Там Рогожин, не стерпев, конкретно ни к кому не обращаясь, прямо спросил: «Так, кто же это протащил Антона на завод». Директор интригующе засмеялся и кивнул на главного инженера, мол, твоя креатура, главный. Тот, открещиваясь, отмахнулся обеими руками: «Боже, упаси, только не он». Вот так шутейная сценка: взяли разгильдяя себе на шею, а кто сподобил — не признаются?! Рогожин, покумекав на досуге, решил, что Тараторкин все же протеже главного инженера. Тут-то я и рассказал ему, при каких обстоятельствах устраивался к нам Антон, кем было подписано его заявление с пометкой о переводе. Вывод следовал один — покровительствовал парню сам Борман. Однако мои доводы не убедили Рогожина, он не мог поверить или умышленно сделал вид (из раболепной корпоративной солидарности), что не верит мне. Я намеренно не поддался ему и уперся, мне хотелось внести хоть каплю диссонанса в предано-вассальные чувства энергетика к директору. Сергеич еще тот хамелеон, он тут же прогнулся, показывая своим тоном, что если я и прав, то он не осуждает директора, якобы начальству видней. Однако я ощутил с удовольствием, что в душе Рогожина клокотала обида на Бормана. Пусть, пусть его позлится подхалимская душа, а то как что — так Василий Гордеич, Василий Гордеевич — он, ух ты, какая голова!

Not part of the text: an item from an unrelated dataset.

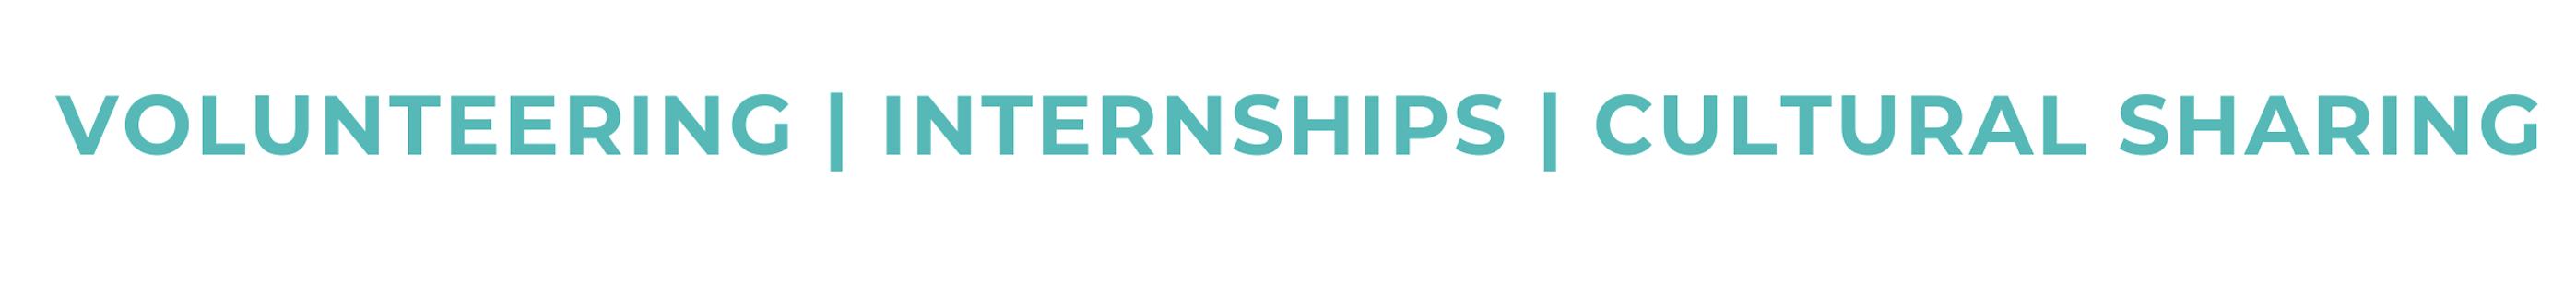 Volunteering   internships   cultural sharing at inter cultural education

Как-то уж так сложилось — Тараторкин числился по «ведомству» Рогожина, начальник отдела Волошин махнул на парня рукой, эпопея с талями давно миновала свой пик, сошла на нет или, образно выражаясь, завязла в сонном болоте. Более того, с появлением Александра Сергеевича Ваньчек поблек, частенько стал заглядывать на донышко поллитровки, надолго стал прятаться от глаз людских, пока вовсе не потерялся из нашего вида.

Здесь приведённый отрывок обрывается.